1. Field of the Invention
The present invention relates to accumulators and regulators. In particular, the present invention relates to accumulators and regulators that may be implemented in pressurized fluidic conditions or where remote hydraulic control of a regulator is required.
2. Description of Related Art
This invention preferably may be used for deepwater accumulators that supply pressurized fluid to control and operate equipment disposed below fluid levels.
Accumulators are typically associated with blowout preventers (BOP) in order to temporarily cease well bore operations, gate valves in order to control fluid flow and to divert various fluids to surfaces or other subsea locations, as well as hydraulically actuated connectors and similarly associated devices. Pressurized fluid is typically an oil or water based fluid with increased lubricity and corrosion protection.
Currently accumulators come in various styles, but most share the same underlying operative principle. This principle involves pre-charging each accumulator with pressurized gas to a pressure which closely approximates the minimally anticipated operative pressure, which often approaches the ambient temperature of the environment in which the accumulator will be used. By pre-charging an accumulator fluid may be optionally added to the accumulator, increasing the pressure of the pressurized gas and the fluid. Fluid introduced into the accumulator is therefore stored at a pressure at least as high as the pre-charged pressure and is capable of doing hydraulic work.
Accumulators are often styled to operate in a bladder, piston, or float type fashion. Bladder types open employ an expandable bladder which separates gasses from fluids. Piston types use a piston which translates along an axis to separate fluids from gasses. Float types use a float to provide a partial separation of fluid from gas and closing of a valve when the float approaches the bottom. This in turn prevents the escape of gas.
Pilot Accumulators are typically pre-charged with gas at approximately ambient pressure plus the minimum working pressure of the circuit. As accumulators are used in deeper water, the efficiency of conventional accumulators is decreased. In 1000 feet of seawater ambient pressure approximates 465 pounds per square inch. Thus, in order for an accumulator to provide a 500 psi differential at 1000 ft. depth, it is required to be pre-charged at 732.5 pounds per square inch. At about 4000 feet of depth, ambient pressure is approximates 930 pounds per square inch, requiring an initial pre-charge of 1430 pounds per square inch, when only 500 pounds per square inch is required for operations. And at 10,000 ft, these numbers are 4,650 plus 500 psi. This is problematic because cylindrical design often requires thicker walls, stronger end caps, tighter welds, and stronger materials merely to accomplish an operative working environment. When higher working pressures are employed, larger deviations in translational pressure shifts occur. This requires stronger sealing mechanisms and more accurate gauges. When pressure variants are introduced into the environment, often being cold water, even more extraneous pressure is required to get an accumulator to operational status. For example subsea accumulators are often exposed to very cold temperatures after being pre-charged which causes them to lose pressure.

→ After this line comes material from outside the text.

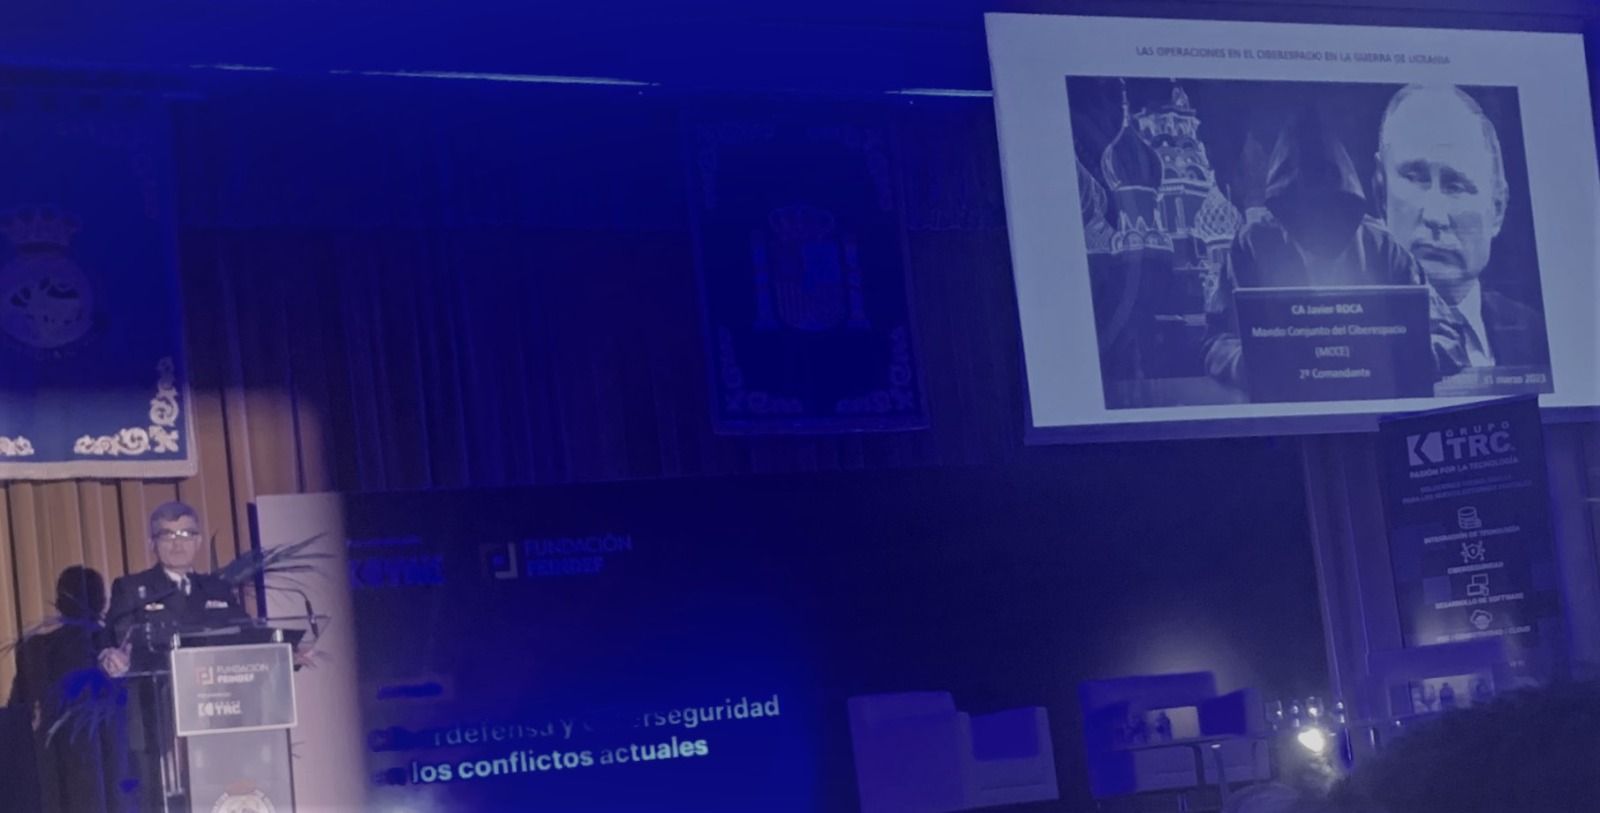 "Jornada de Ciberdefensa y Ciberseguridad en los conflictos actuales", organizada por la Fundación FEINDEF

As the BOP is deployed, the ambient pressure increases, thus decreasing the efficiency of the gas accumulators and can render them useless and cause the system to lose functionality. To alleviate this problem, the current approach is to fit multiple parallel accumulators into the circuit with multiple pre-charge pressures to allow added control at different depths.
The use of these multiple accumulators adds another problem, as the rates of increase and decrease vary with the volume of gas contained in the system, thus making control erratic and changing dependent on the depth. Also as deployment takes place, the isolated fluid in the system loses pressure equal to the increase of the ambient pressure, requiring frequent adjustments to the internal pressure to keep the system within the control range required to operate the functions.
Due to the properties of the gas systems, increasing the pressure is not linear and follows a parabolic arc, thus limiting control at higher pressures.
Although these systems represent great strides in the area of accumulator technology, many shortcomings remain.
Thus there exists a need for an accumulator that is capable of operating at a higher pressure and not required to be overly pre-charged with pressure, not require multiple pre-charge pressures and not require frequent pressure increases during deployment and conversely, not require frequent decreases during recovery. Without decreases during recovery, due to error or equipment failure, the internal pressure at the surface can be as high as 3,000 psi plus the ambient pressure due to water depth. At 10,000 feet this could be 7,650 psi.